Этот последний аргумент повергает меня в задумчивость.

— Ну и что? О чем ты, собственно? — спрашиваю я в нерешительности.

Берю бессильно воздевает руки, которые тут же падают вдоль туловища. Из зала раздается взрыв аплодисментов, заглушающий последний душераздирающий си-бемоль в исполнении детского хора.

— Так вот я не знаю, что думать, почему и пришел к тебе, — канючит Толстяк, — мы теряемся в догадках…

— Кто мы?

— Как кто? Альфред и я. Пойдем со мной, он ждет в машине.

Без всякого энтузиазма я плетусь за своим погибающим коллегой.

И действительно, в машине сидит парикмахер в состоянии еще более удрученном, чем Берю. Я его знаю, поскольку неоднократно встречал по разным причинам у Толстяка. Индивидуум, не имеющий большого общественного значения. Щуплый, бесцветный, есть в нем что-то от понурой дворняжки.
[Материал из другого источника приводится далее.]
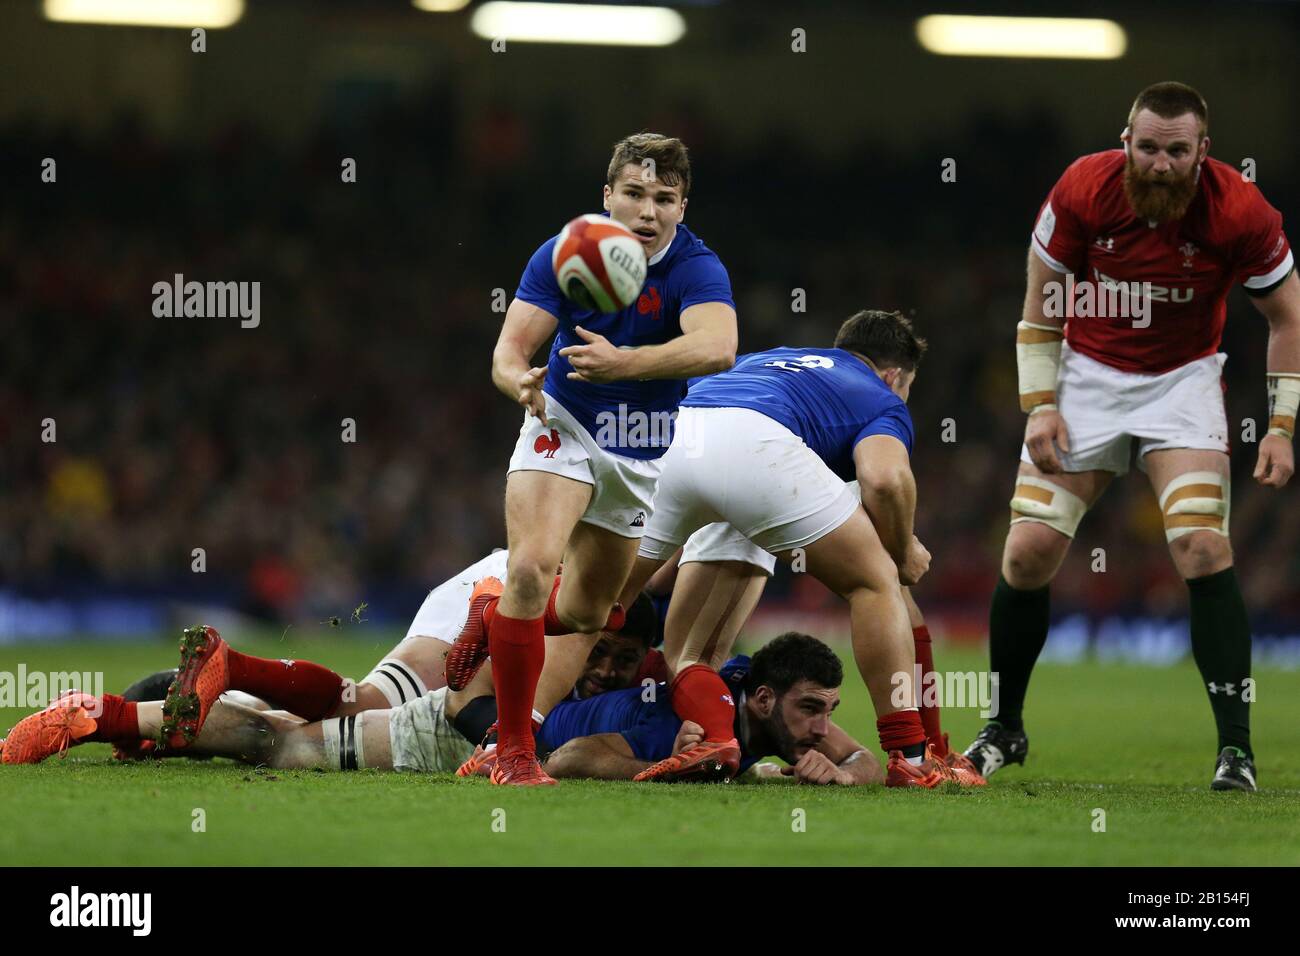 Cardiff, UK. 22nd Feb, 2020. Antoine Dupont of France in action. Wales v France, Guinness Six Nations championship 2020 international rugby match at the Principality Stadium in Cardiff, Wales, UK on Saturday 22nd February 2020. pic by Andrew Orchard/Alamy Live News PLEASE NOTE PICTURE AVAILABLE FOR EDITORIAL USE ONLY Stock Photo

Он устремляется ко мне навстречу, хватает за руку, трясет и, задыхаясь от распирающих его чувств, с жаром бормочет:

— Ее нужно найти, господин комиссар… Очень нужно!
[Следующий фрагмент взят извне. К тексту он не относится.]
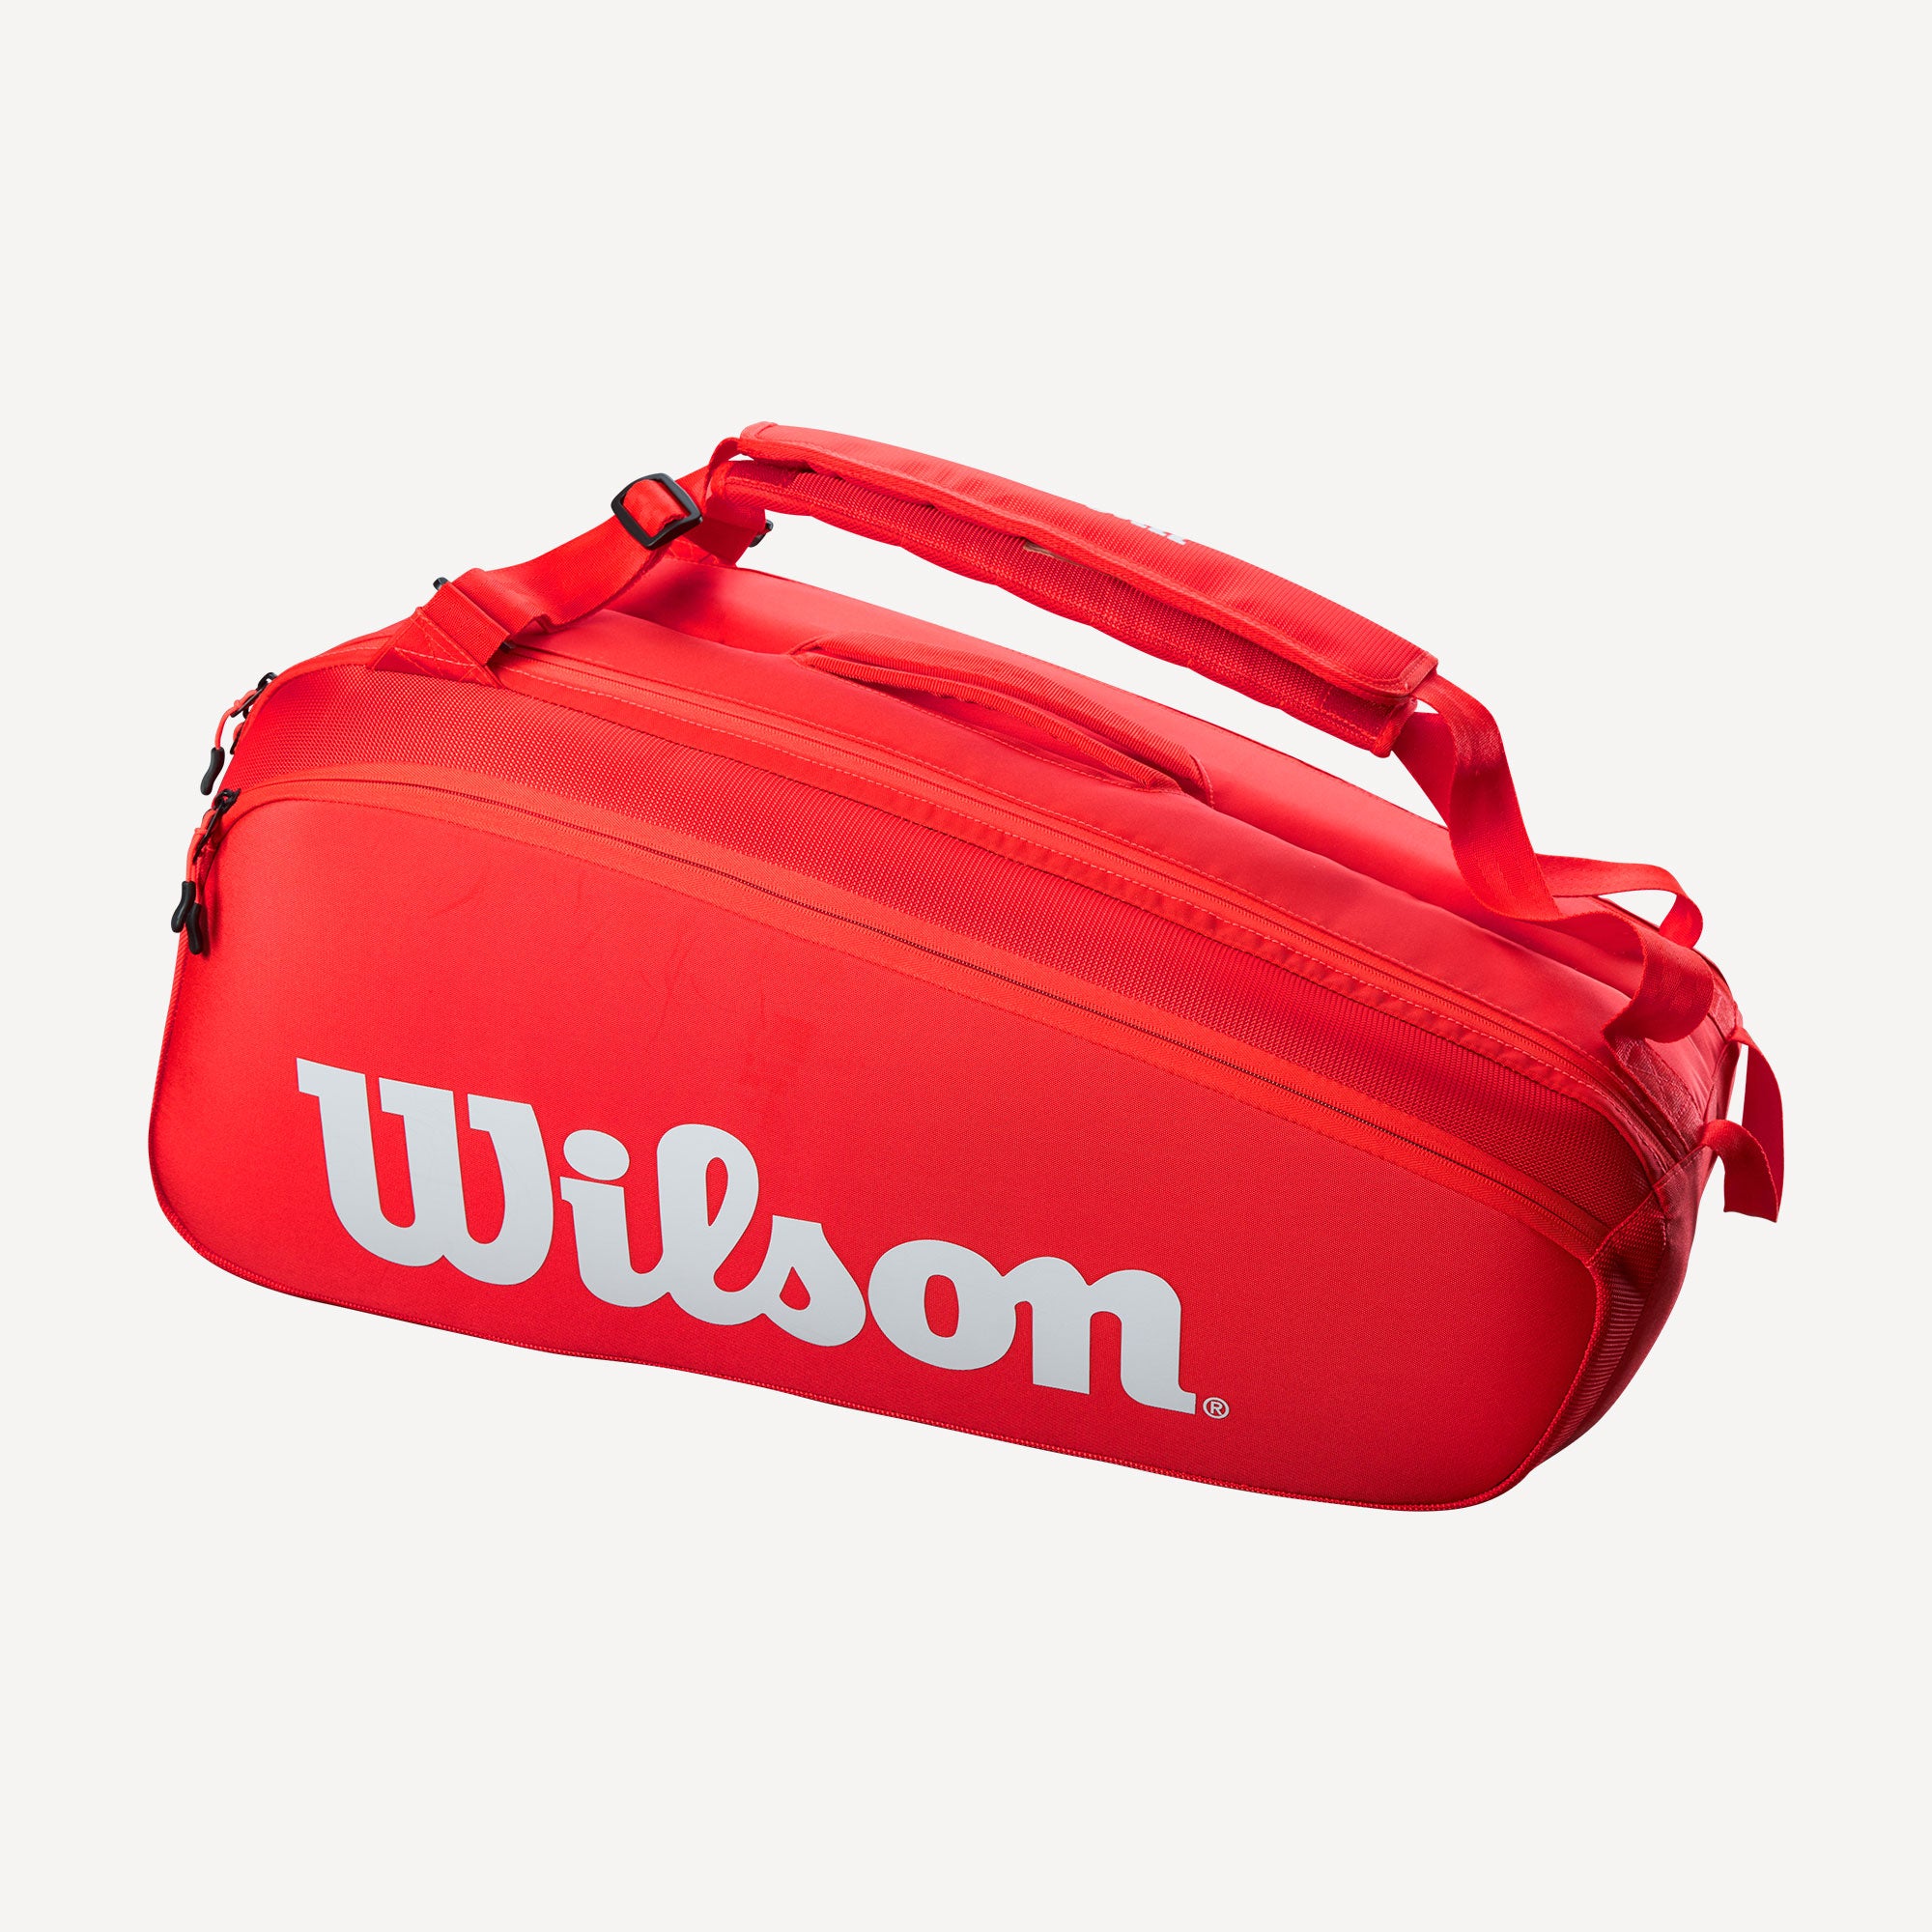 Wilson Super Tour 9 Pack Tennis Back Red (2)

Ах бедняги вдовцы! Я им очень сочувствую. Они погибнут без своей бегемотихи. Их мир в одночасье поблек и опустел. Тут уместно заметить, что мадам Берю в принципе занимает много места! Физически! Я так думаю, бедолаги должны работать посменно, чтобы довести до экстаза свою драгоценную Берту. Убийственное занятие — работа на износ!

Цирюльник пахнет керосином. Правда, керосином под названием «Роша», «Шанель» и еще чем-то вроде того. Он льет одеколоновые слезы, а когда сморкается, впечатление, будто вам под нос суют охапку гвоздик.

— Наша бедная Берта! — всхлипывает мастер по стрижке волос и намыливанию щек. — Как вы думаете, господин комиссар, что с ней могло приключиться?

— Ты оповестил «Розыск членов семьи»? — спрашиваю я Толстяка.

Поникшая Гора трясет макушкой.

— Ты что, упал? Ты думаешь, я, полицейский, пойду хныкать перед коллегами, что, вроде того, моя половина бросила меня!

Половина! Он еще и плохо видит, мой друг Берю! Скажем так — три четверти, и больше не будем об этом!

Из зала доносится выворачивающее желудок наизнанку завывание скрипки. Поскольку программа точь-в-точь как в предыдущие годы, я знаю, сейчас адъютант Нудье вдохновенно прогнусавит романс «Пусть плачет моя душа» из трех куплетов и протокола.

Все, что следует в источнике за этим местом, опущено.